= Marianne Elser Crowder =

Marianne Elser Crowder (April 23, 1906 - June 4, 2010) was, from at least 2007 until her death, the oldest living Girl Scout in the United States.

She joined the Wagon Wheel Council Troop 4 in 1918 and got her Golden Eaglet, then the Girl Scouts of the USA's highest award.

She enrolled in the Perry Mansfield School of Dance and Theater in Colorado and studied with many of the leading pioneers of modern dance, including Louis Horst, Doris Humphrey, Helen Tamiris, Hanya Holm and Daniel Nagrin.
She later operated her own dance studio in Colorado Springs, Colorado, and headed the dance department at Colorado College.

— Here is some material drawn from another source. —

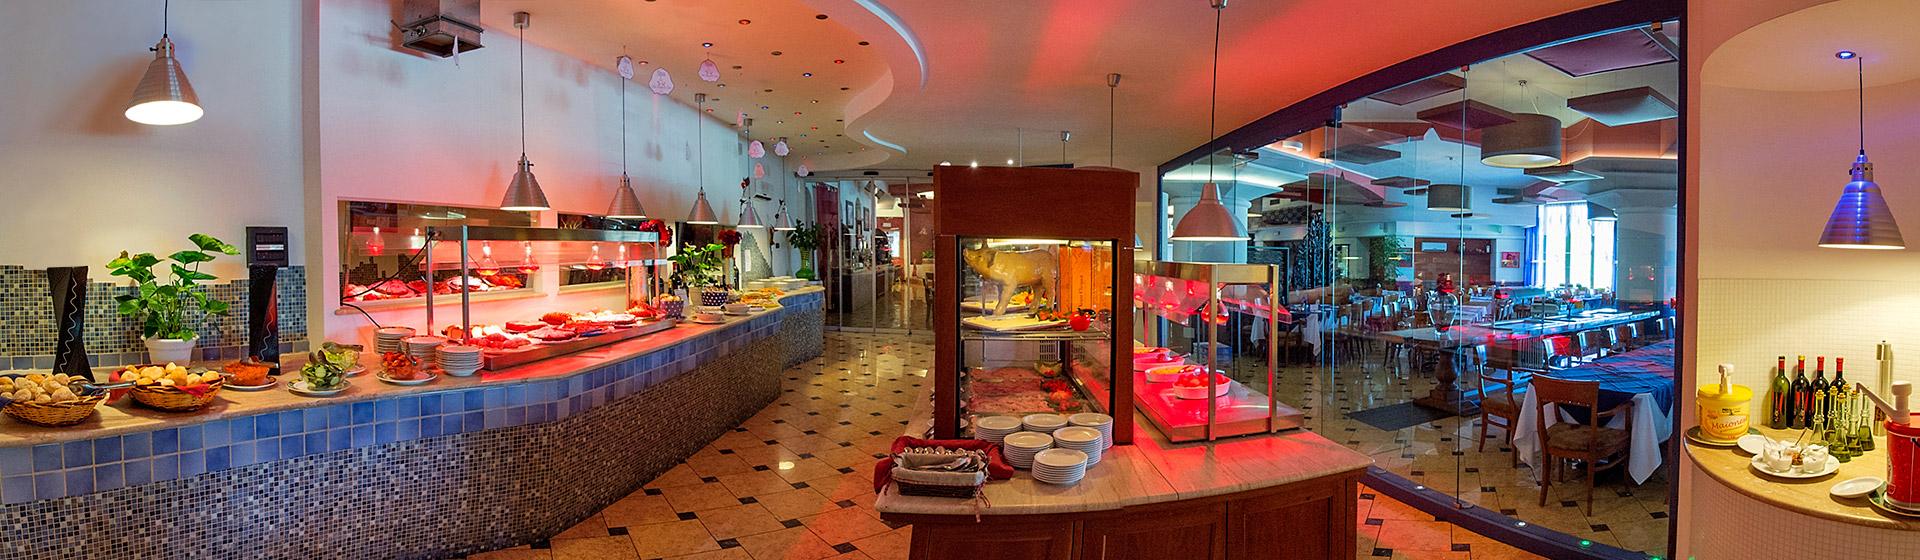 slide_02_ristorante

She resigned her position to marry writer Paul Crowder and they moved to Palo Alto, California around 1940. For 19 years she taught in Stanford University's Drama Department and choreographed dances for major Stanford productions for the Drama and Music Departments. She also taught
She also started courses in corrective exercises with the Palo Alto Adult Education program and the Menlo Park Recreation Department and continued teaching until she was 95.

In 2007, the Wagon Wheel Council named Crowder the nation's oldest Girl Scout after it conducted a nationwide search and sifted through council archives.

==Death==
She died on June 4, 2010, at her Palo Alto home at the age of 104 from pancreatic cancer. She was survived by two daughters, ten grandchildren and twelve great-grandchildren.